◆ WHAT THIS TASK INVOLVES ◆
Leave out the pictures, and print exactly the lines from the one holding "Pesticide composition containing" through the last line of the material.

◆ DATASET CONTENT ◆
-- Opening Marker --

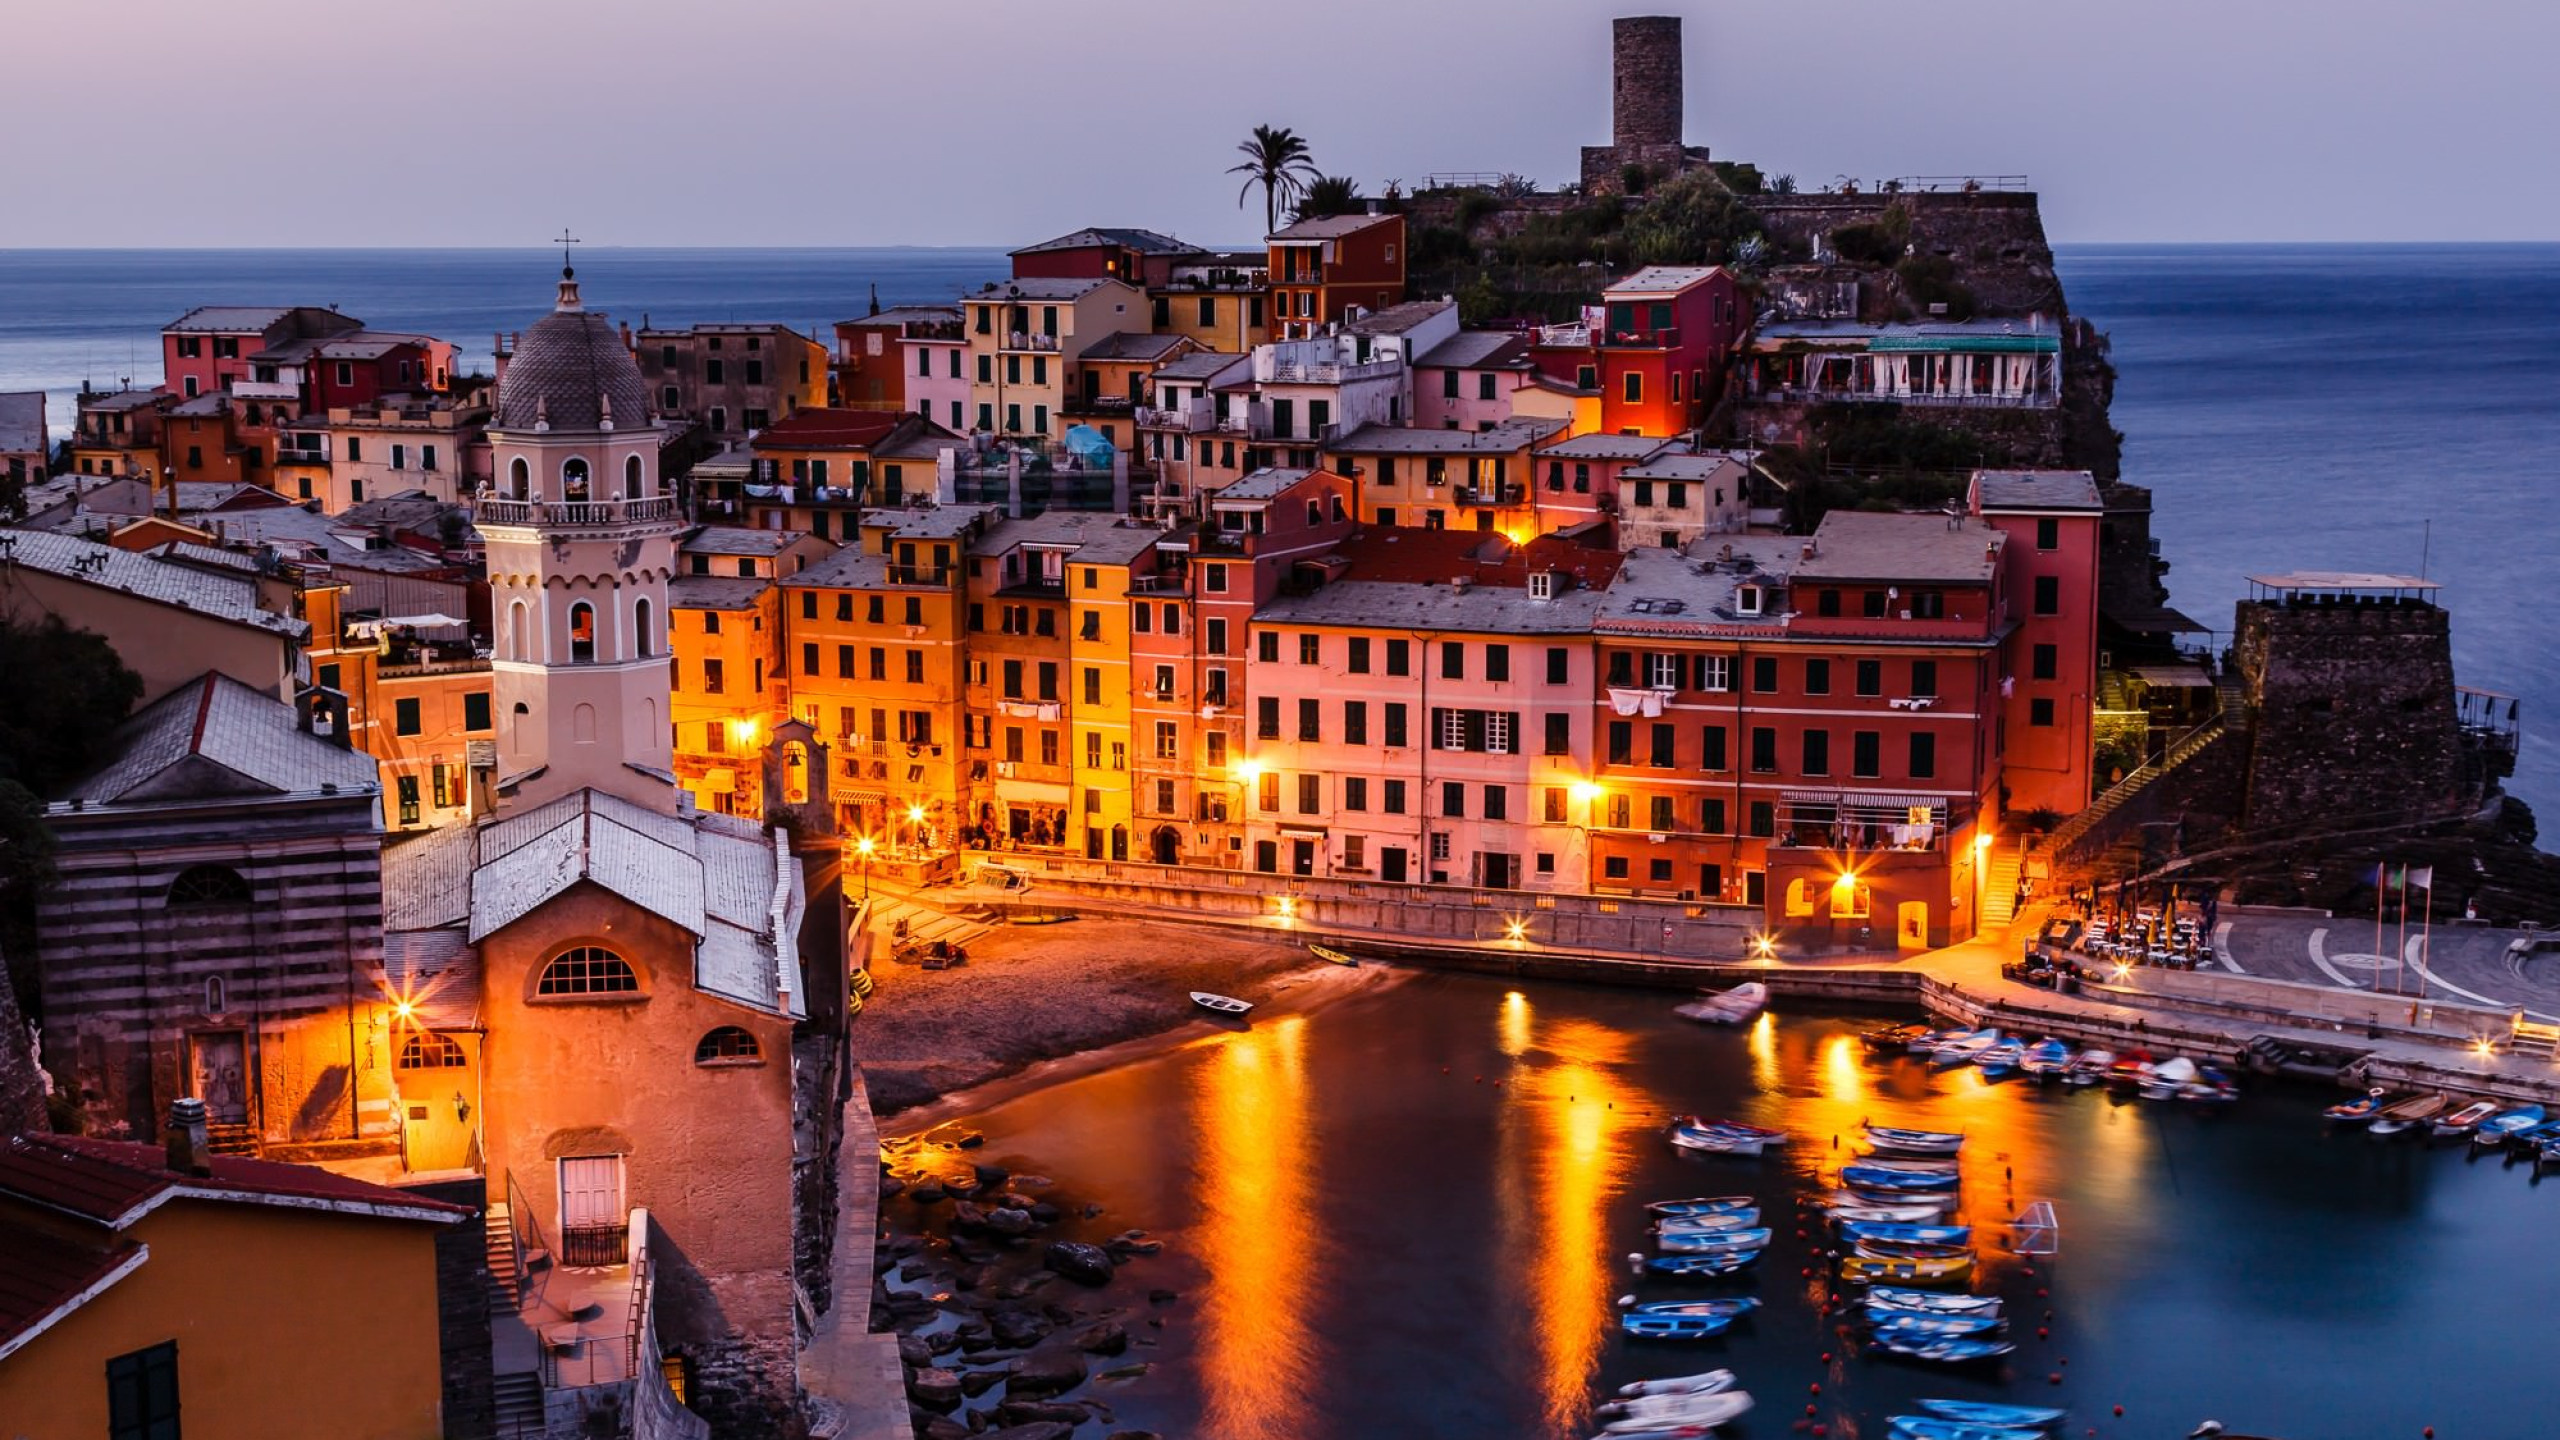 Genoa wallpapers HD, Genoa backgrounds, Free images download, Stunning Genoa views, 2560x1440 HD Desktop
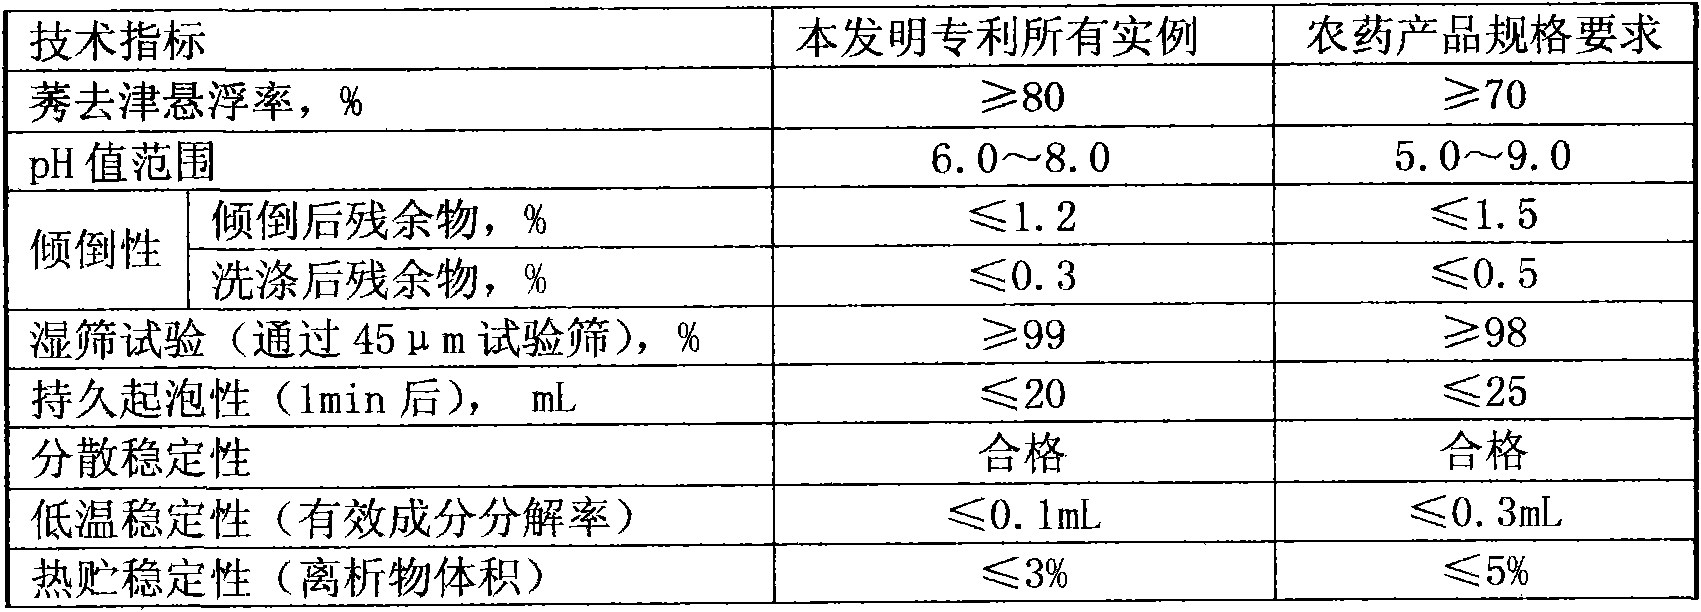 Pesticide composition containing flutenzine and abamectin
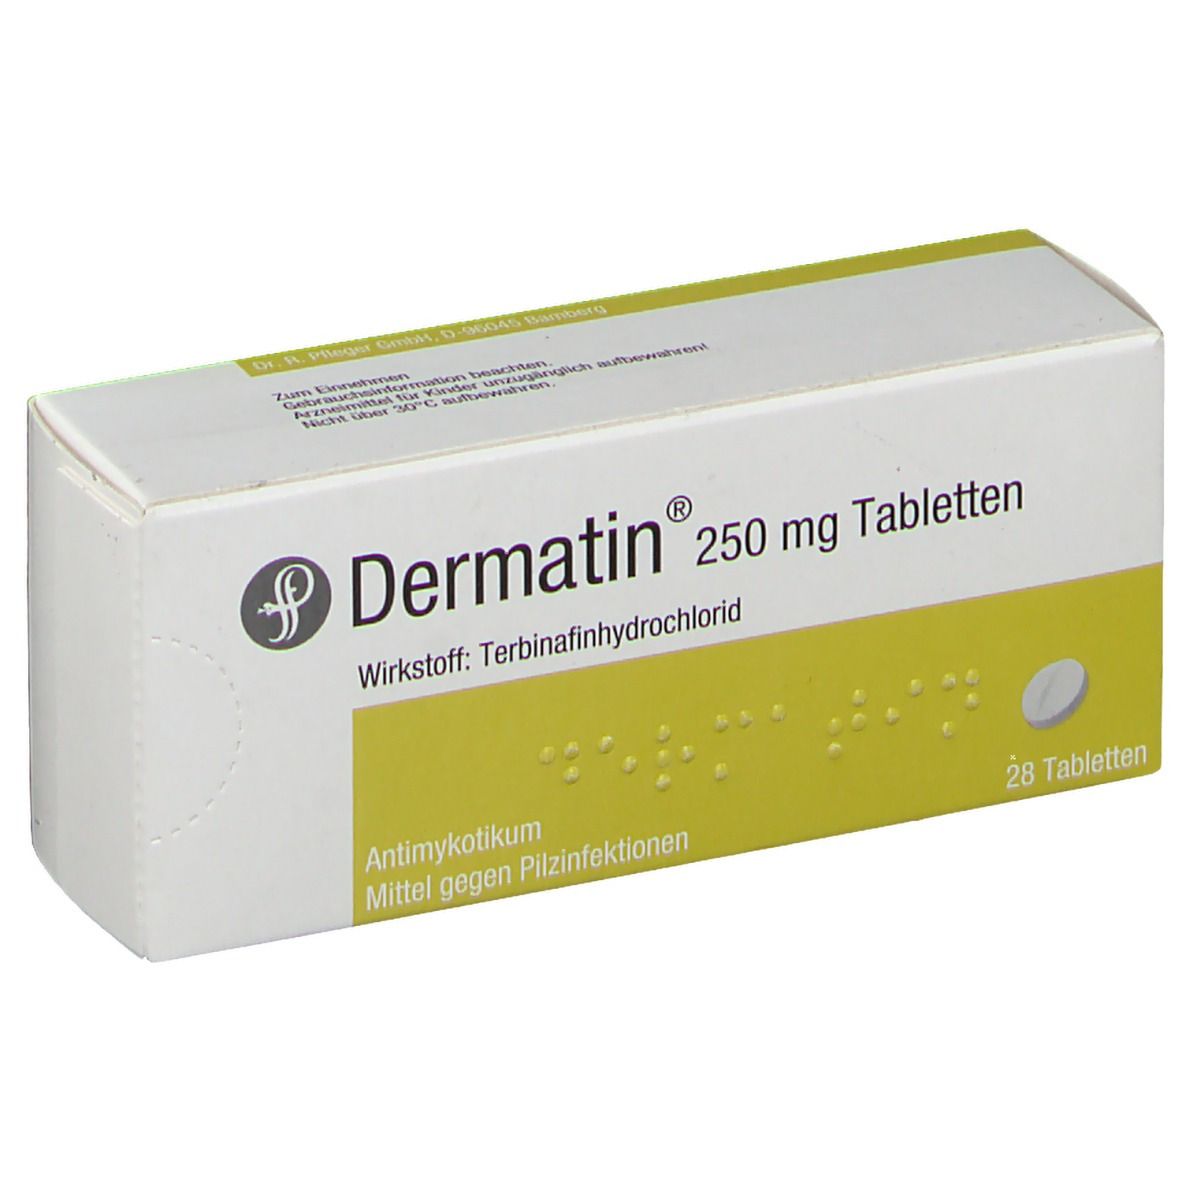 Dermatin® 250 mg

-- Closing Marker --

◆ ANSWER SPACE ◆
 Pesticide composition containing flutenzine and abamectin
 Dermatin® 250 mg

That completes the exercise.